No E&O or D&O Coverage for Investigation by Attorney General

July 26, 2011

Applying California law, a federal district court has held that a social networking website could not recover under its professional liability policy for amounts incurred in connection with an investigation by the New York Attorney General (NYAG) because the matter did not involve professional services within the scope of the policy’s errors and omissions coverage and because the allegations triggered the professional services exclusion in the directors and officers liability (D&O) coverage section.  Tagged, Inc. v. Scottsdale Ins. Co., 2011 WL 2748682 (S.D.N.Y. May 27, 2011).

The NYAG issued a notice that it intended to commence litigation against the website for illegal, fraudulent or deceptive business acts and practices and for false advertising.  The notice asserted that the website had made misleading statements about its efforts to protect users of the website’s social network from inappropriate content, including child pornography and sexual communications by adults to minors.  The website provided notice of the investigation to the insurer, which refused to defend the website in the investigation.  After the website settled the investigation by agreeing to pay a fine, the website filed a suit alleging that the insurer owed the website a duty to defend and indemnify it in connection with the investigation.

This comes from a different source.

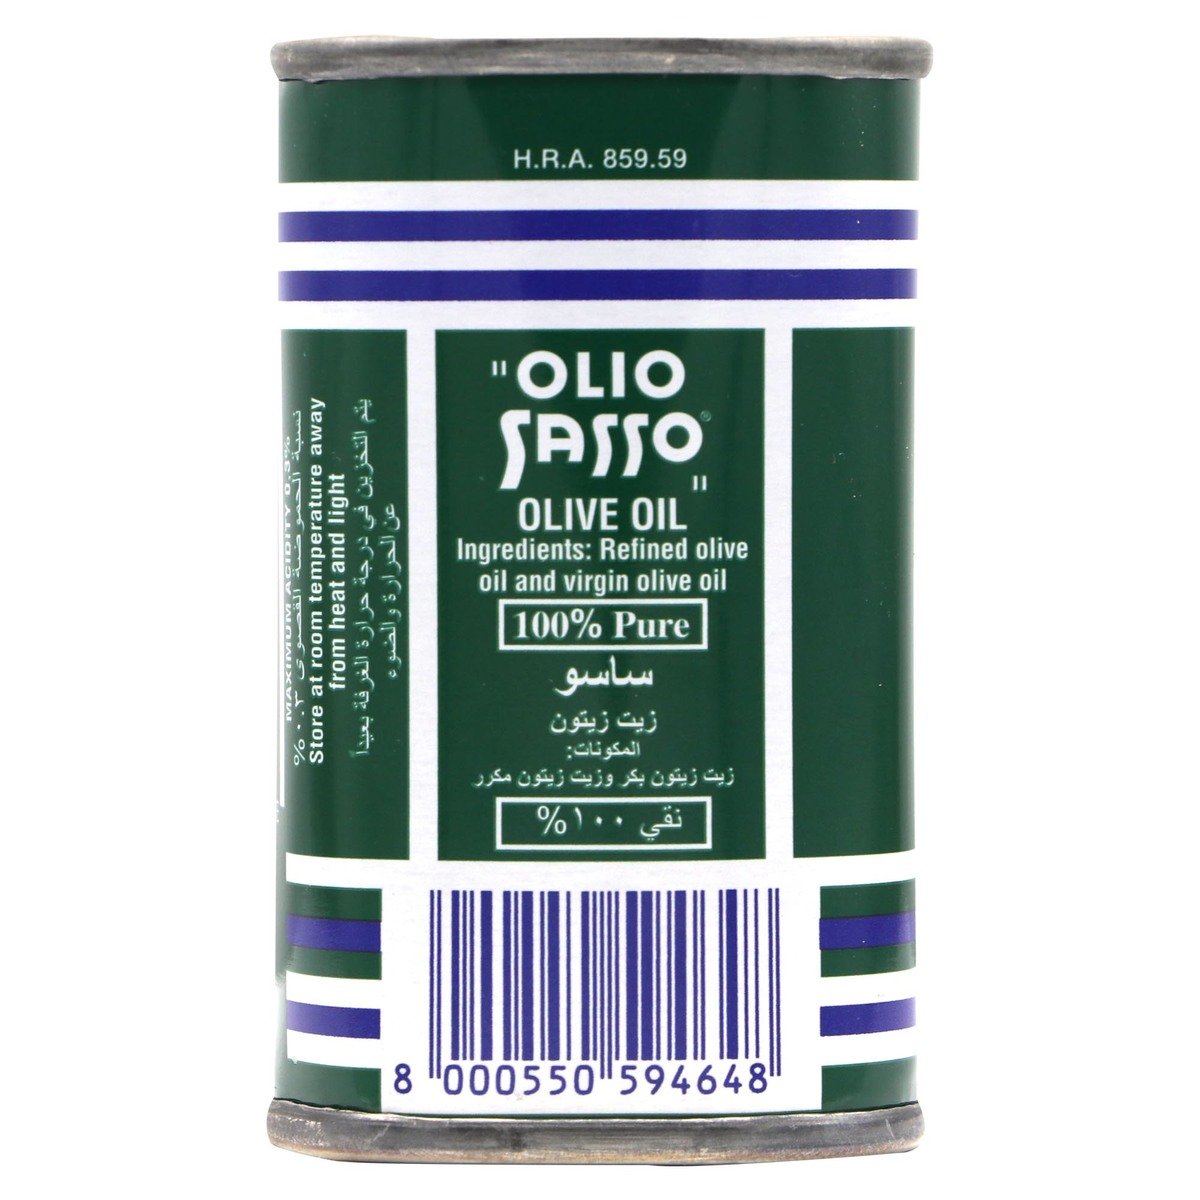 Olio Sasso Olive Oil 175ml

The district court granted the insurer’s motion to dismiss the website’s complaint.  First, the court considered the insurer’s argument that the investigation was not covered by the policy’s technology, media and professional services coverage section, which afforded errors and omissions coverage for claims only “if committed by an Insured in the course of performing Professional Services.”  The policy defined “Professional Services” as “providing advertising services for others, for a fee.”  The court agreed with the insurer that the NYAG’s investigation did not fall within the professional services definition because the investigation had no relationship to the website’s provision of advertising services to others.  The court explained that the investigation had focused on content posted by the website’s users, “who did not pay to use the website,” and on the website’s statements and advertising regarding its own services.  The court also held that even if the investigation fell within the policy’s definition of professional services, it still would be barred by the technology coverage section’s sexual harassment exclusion, which barred coverage for any claim “in any way involving any sexual action.”

Next, the court addressed the insurer’s argument that the investigation was not covered by the policy’s D&O coverage section due to that section’s professional services exclusion.  The professional services exclusion barred coverage for “any Claim alleging, based upon, arising out of, attributable to, directly or indirectly resulting from, in consequence of, or in any way involving the rendering or failing to render professional services.”  The court observed that, unlike the technology coverage section, the D&O coverage section did not define the term “professional services.”  Because the term was undefined, the court relied on past decisions interpreting the term.  Under those precedents, the court held that the investigation clearly fell within the scope of the exclusion because the website had provided professional services by determining and regulating the content posted on the social networking site.

In holding the professional services exclusion applied, the court dismissed as irrelevant the fact that the website had delegated the task of reviewing the social networking site for inappropriate content to “unskilled workers.”  In this regard, the court noted that the nature of the services provided were “professional,” and the website’s management had chosen to advertise and promote the social network as being safe for minors.  The court also rejected the website’s argument that “professional services” should be construed narrowly to avoid rendering the D&O coverage section illusory.  The court held that the exclusion’s use of the term without further definition meant that the parties had intended to adopt the broad definition found in prior California decisions, and the exclusion did not render the coverage section illusory because it included an exemption for claims by a plaintiff in her capacity as a security holder.  Finally, the court explained that it was not incongruous to conclude that the policy did not cover the investigation under either the technology coverage section or the D&O coverage section since the technology coverage section defined “professional services” more narrowly than did the D&O coverage section.  Accordingly, the court granted the insurer’s motion to dismiss the website’s coverage action.